■ **Provided data**:
┌──

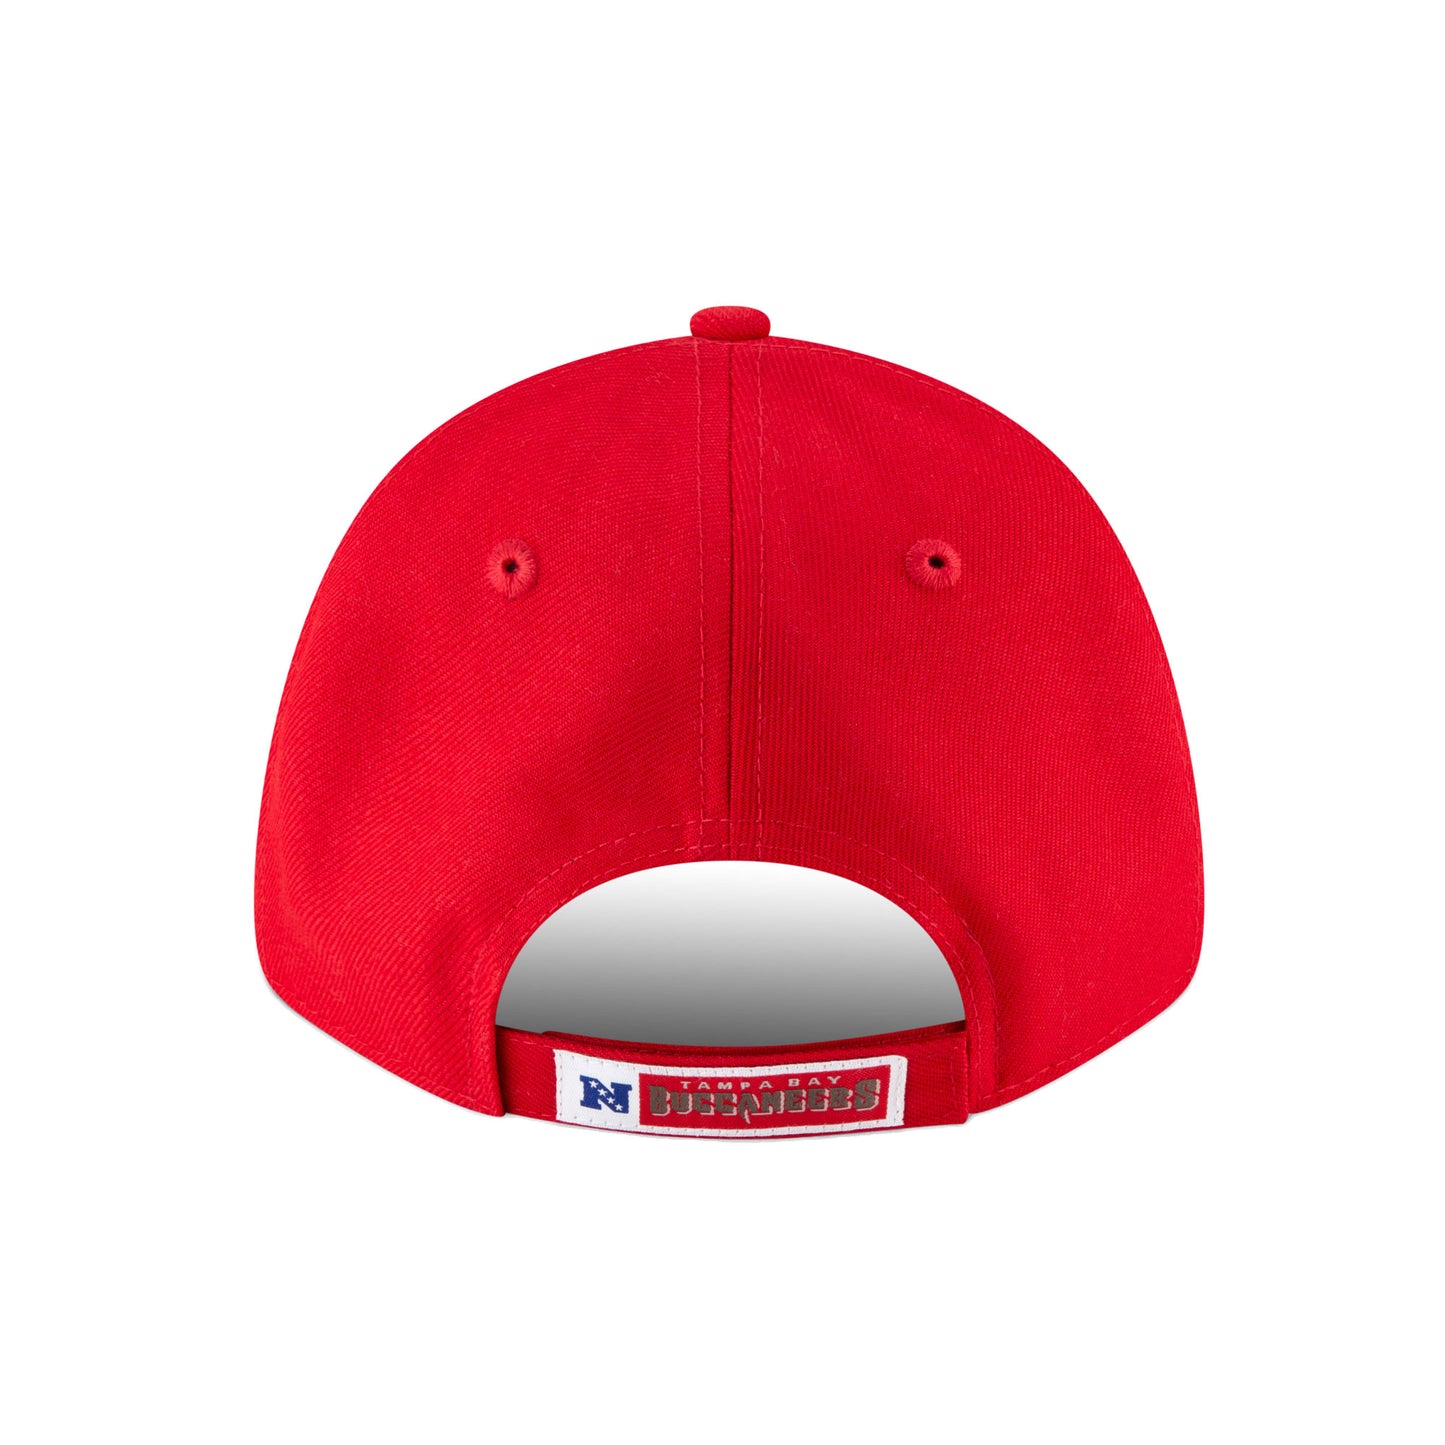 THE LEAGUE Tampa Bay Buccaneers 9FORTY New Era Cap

└──
┌──

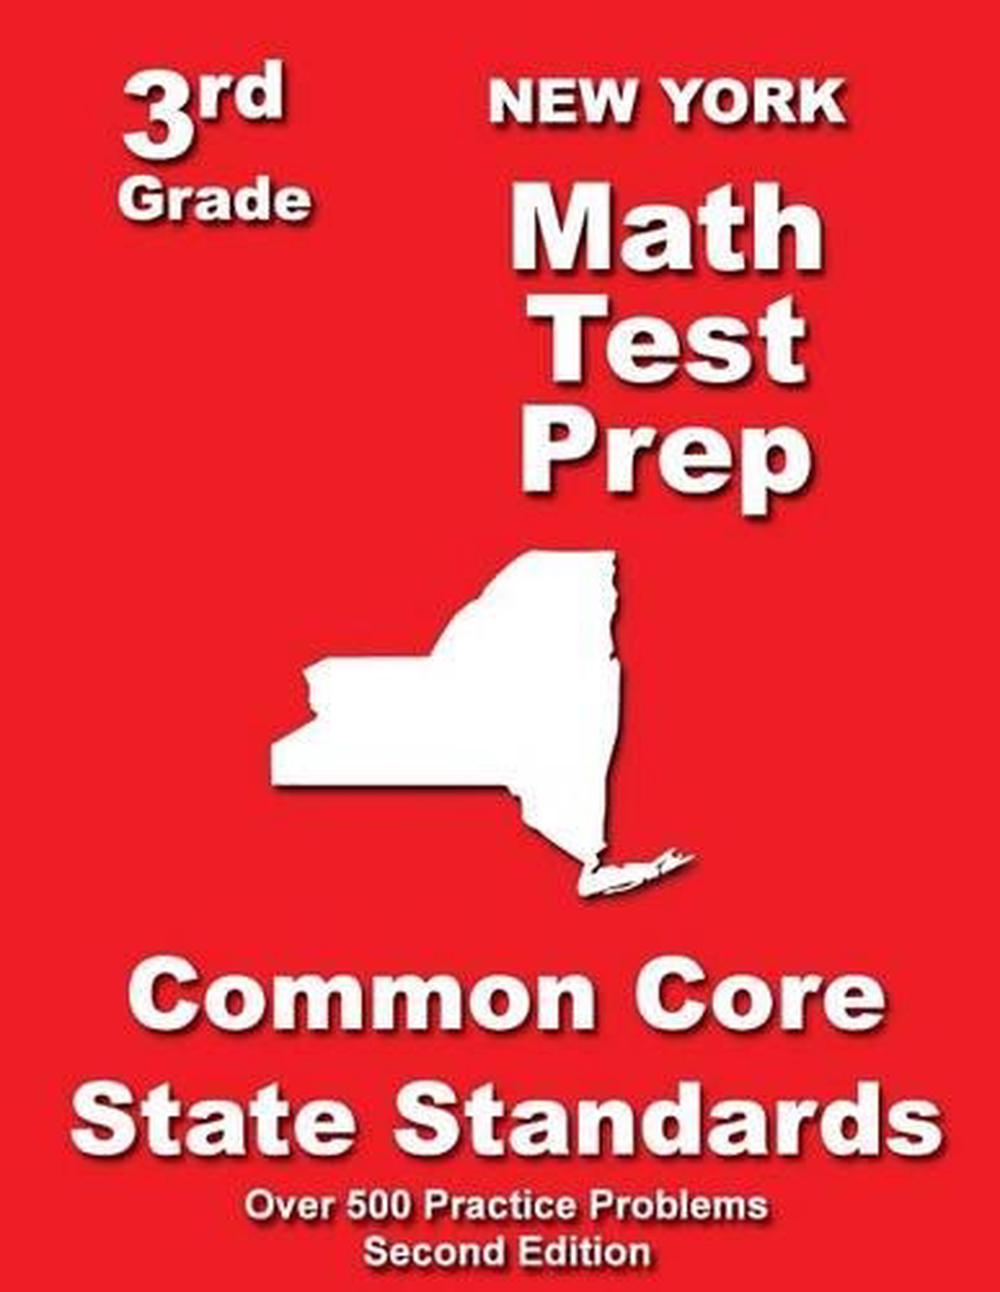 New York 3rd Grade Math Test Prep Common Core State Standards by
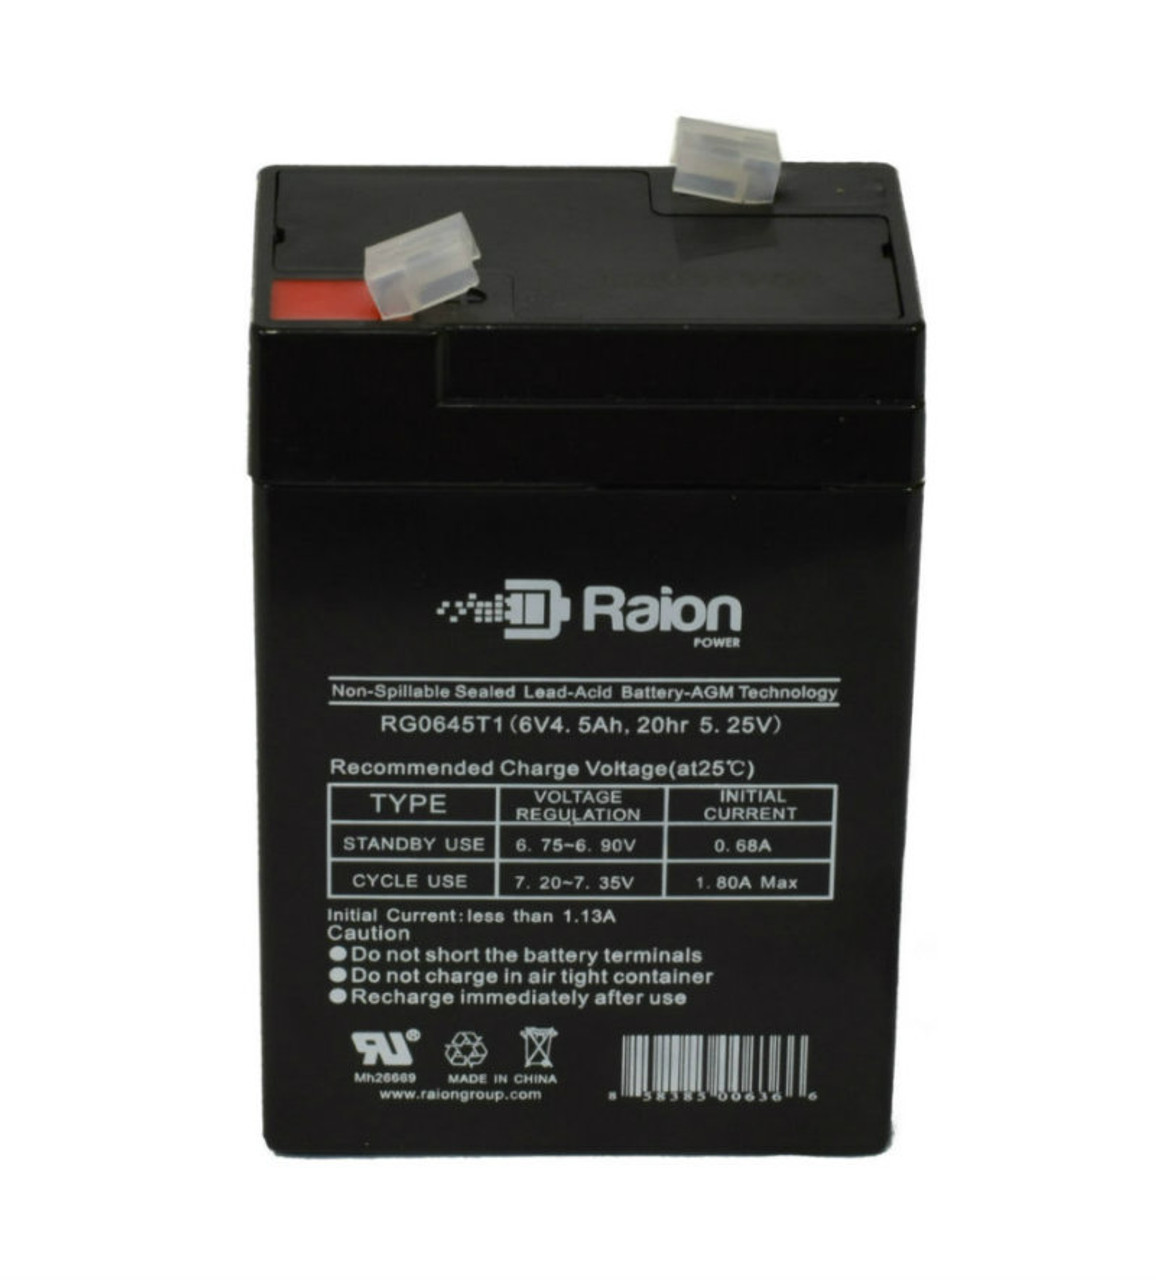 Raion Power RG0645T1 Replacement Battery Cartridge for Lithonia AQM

└──
┌──

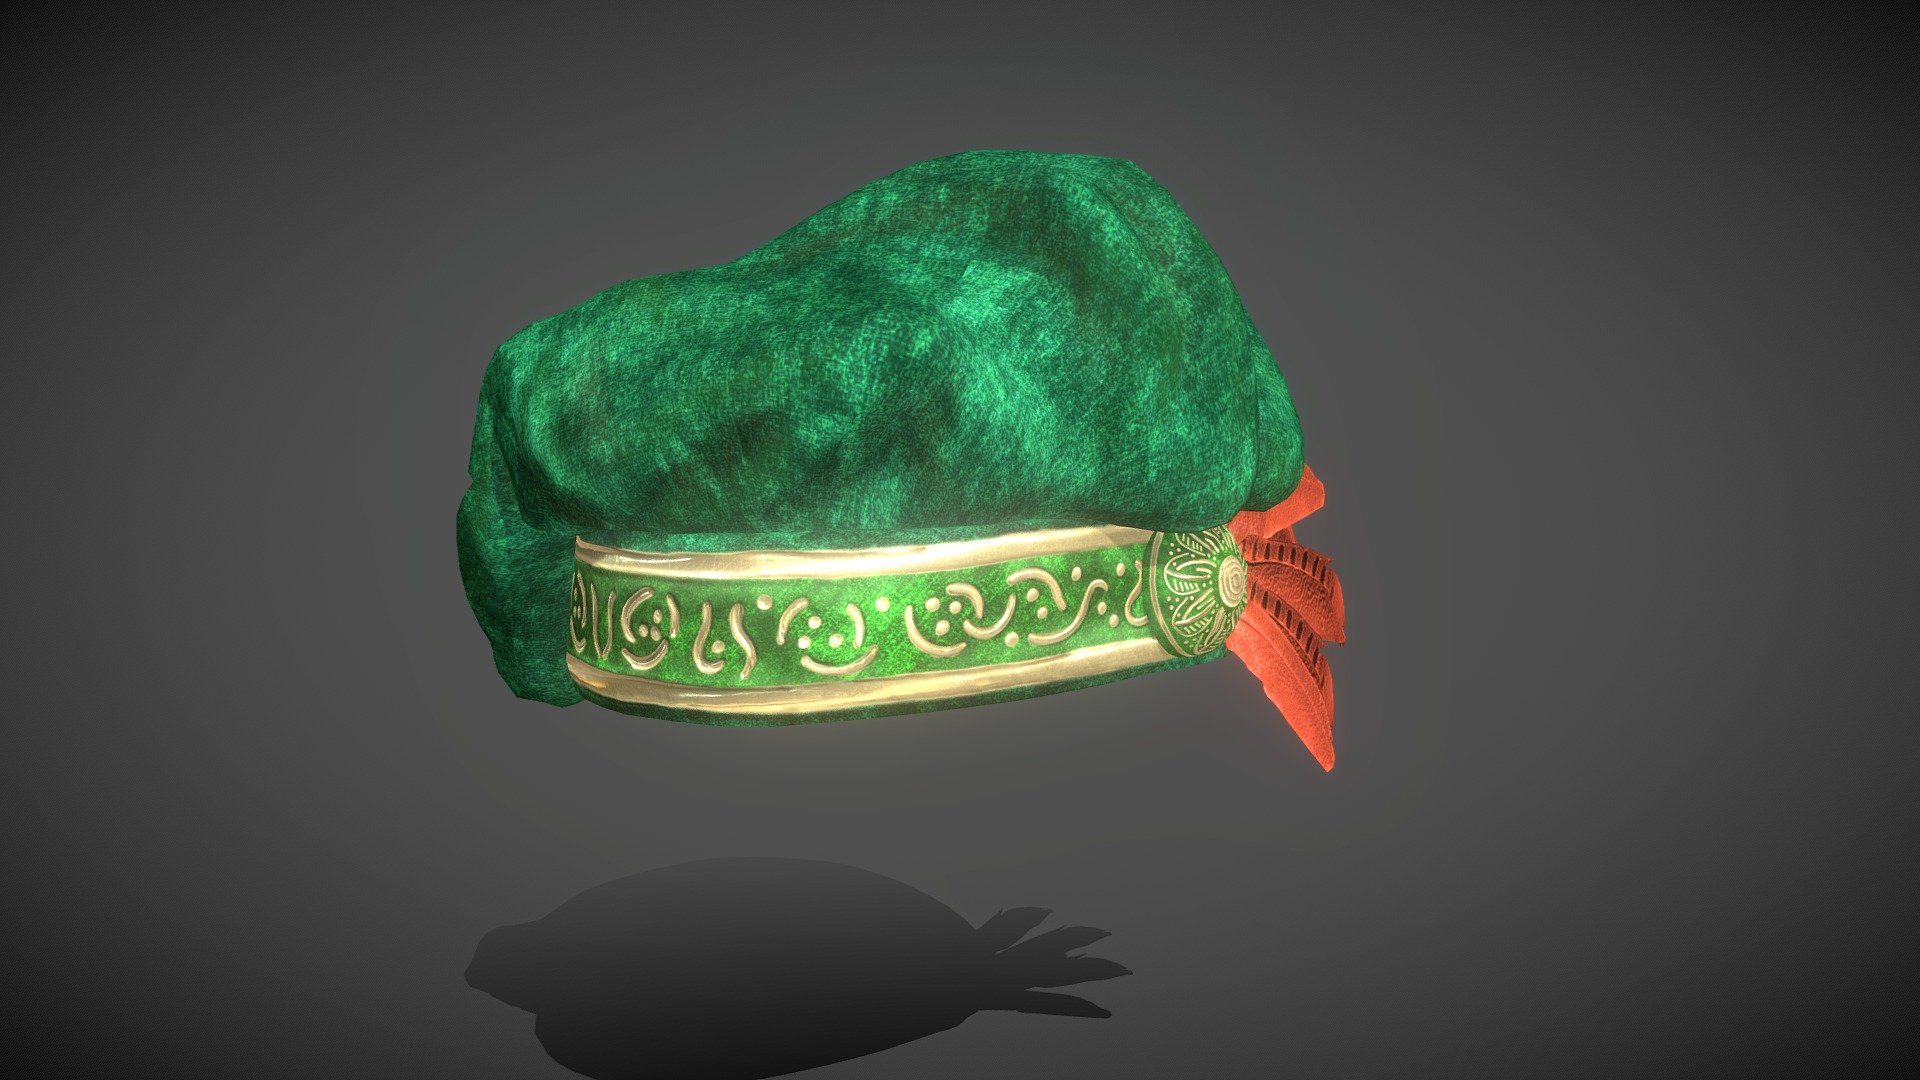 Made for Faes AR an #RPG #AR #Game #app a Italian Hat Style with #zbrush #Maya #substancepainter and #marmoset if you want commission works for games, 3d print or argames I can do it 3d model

└──

■ **Requirement**: Go to the line above that has "New York 3rd" and copy exactly from there down to the line that has "Raion Power RG0645T1", both included. Leave the pictures out.

■ **Exercise answer**:
 New York 3rd Grade Math Test Prep Common Core State Standards by
 Raion Power RG0645T1 Replacement Battery Cartridge for Lithonia AQM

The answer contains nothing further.